## DATASET

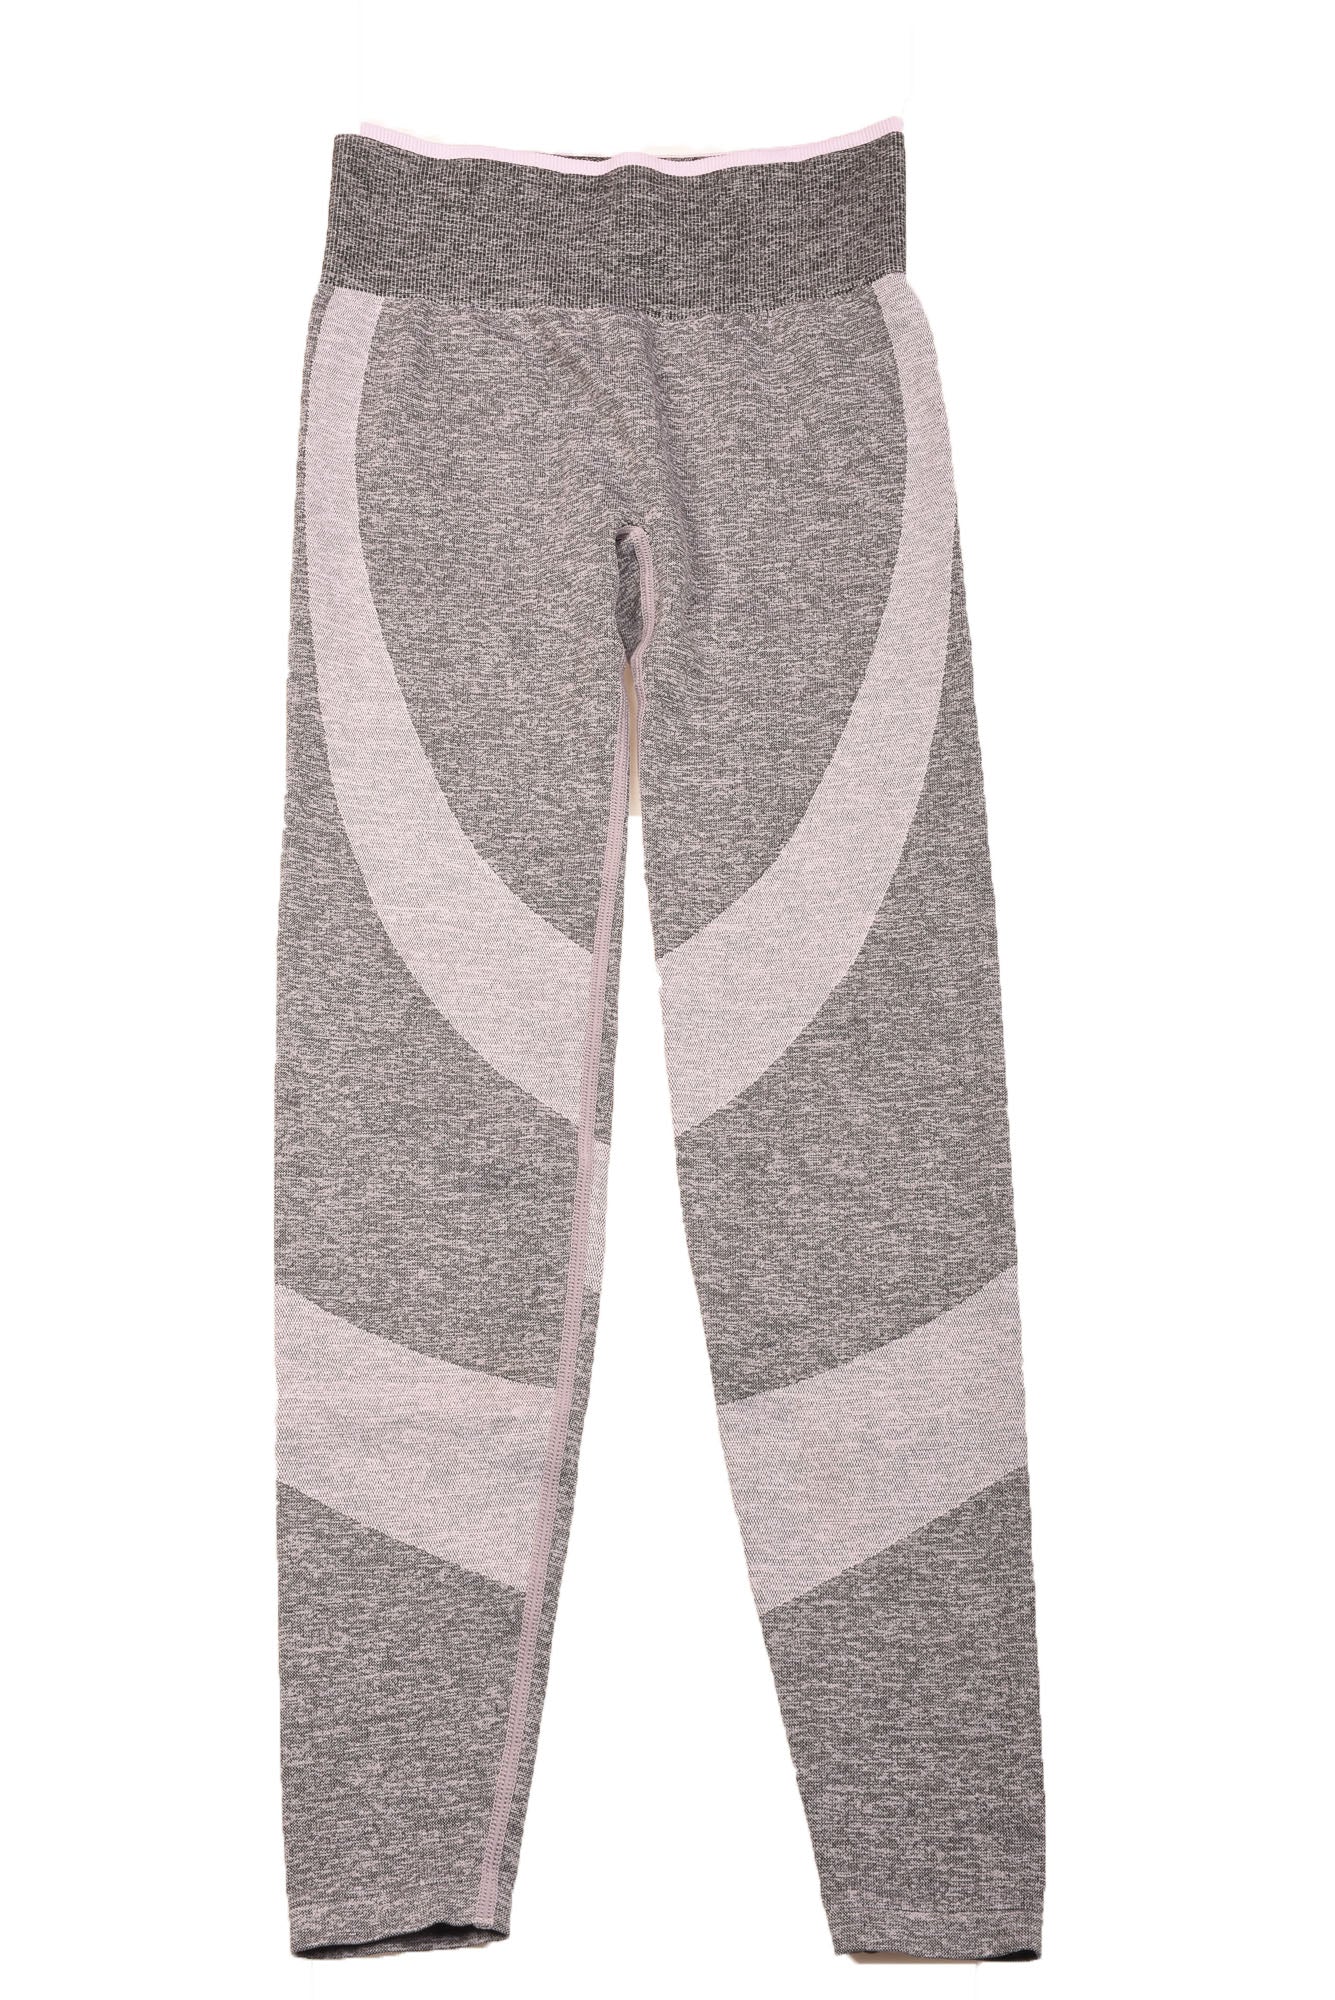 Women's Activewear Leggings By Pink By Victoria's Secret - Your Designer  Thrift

...

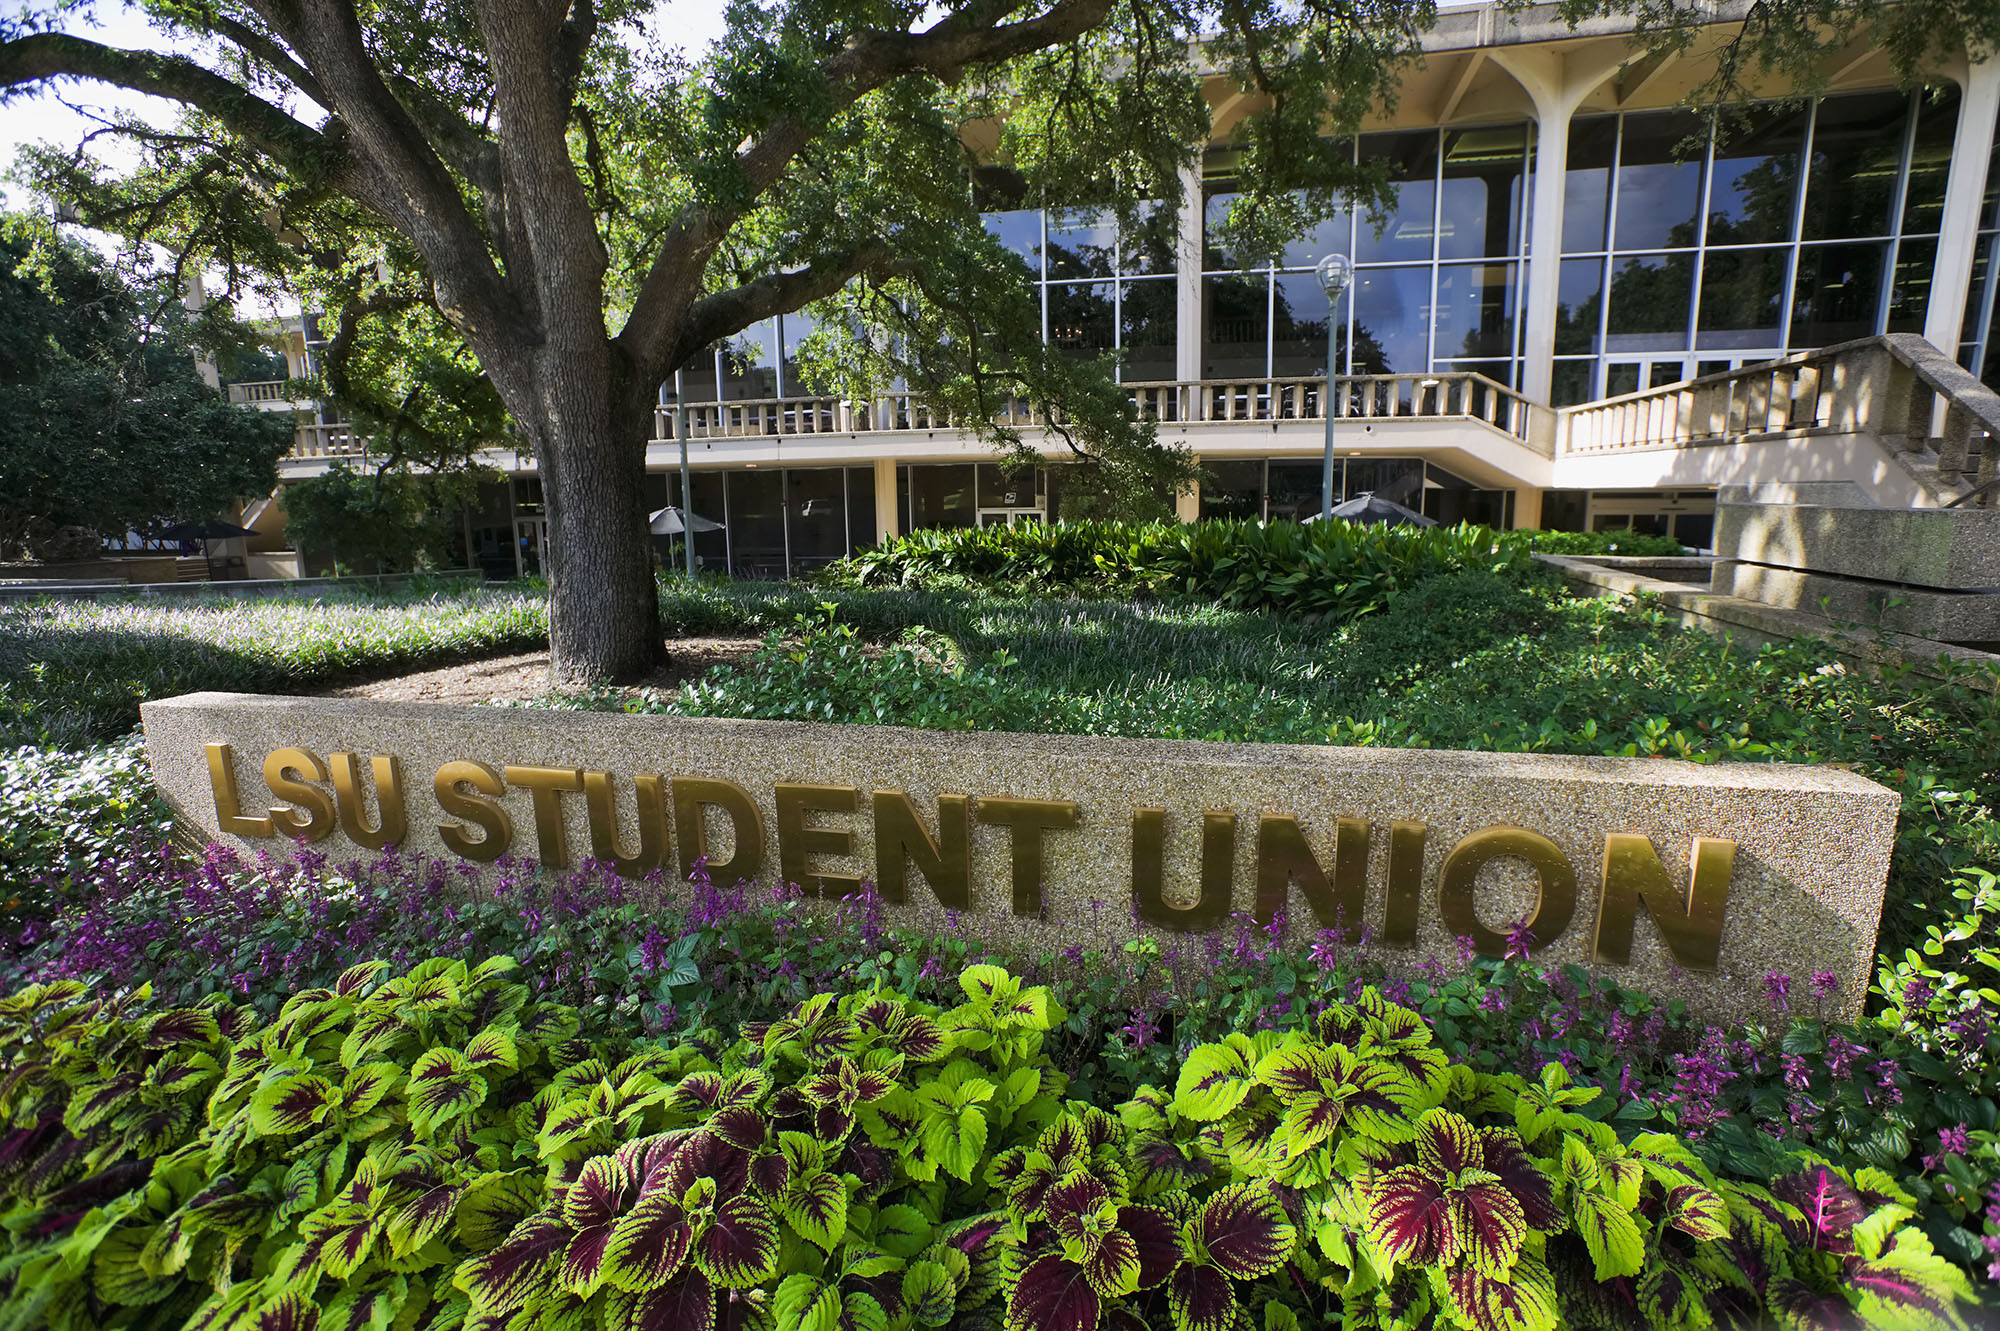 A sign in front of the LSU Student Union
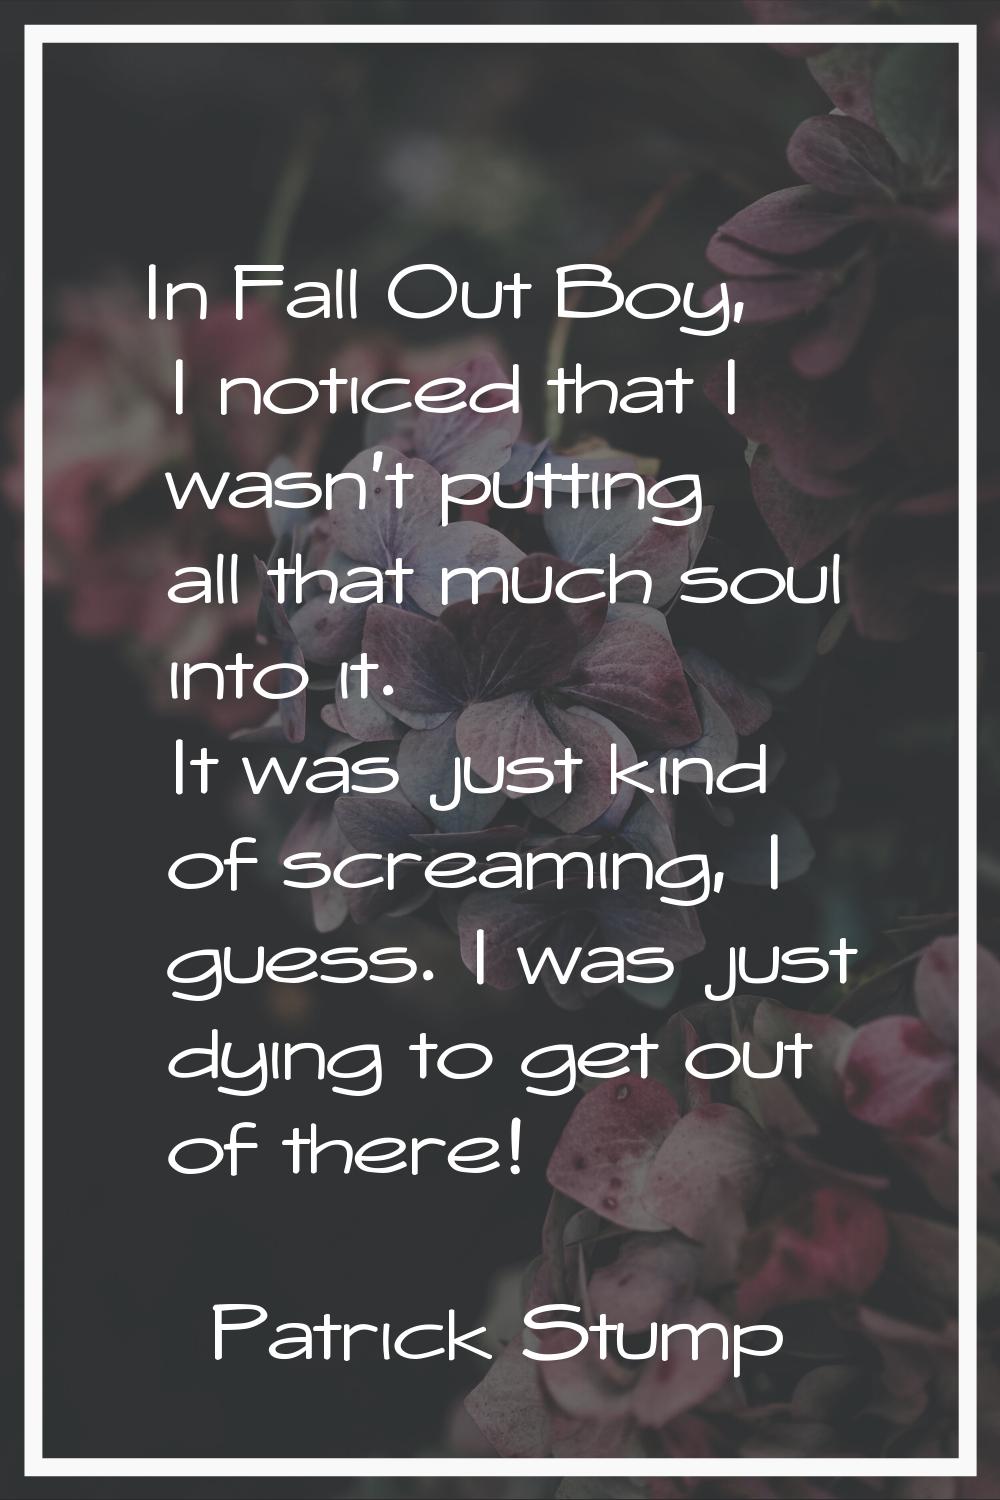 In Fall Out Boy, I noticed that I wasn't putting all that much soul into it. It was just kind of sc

## TASK ITEM
Output only the stretch above from the line with "A sign in front of the LSU Student Union" through the line with "In Fall Out", reproduced exactly. Exclude pictures.

## ANSWER SPACE
 A sign in front of the LSU Student Union
 In Fall Out Boy, I noticed that I wasn't putting all that much soul into it. It was just kind of sc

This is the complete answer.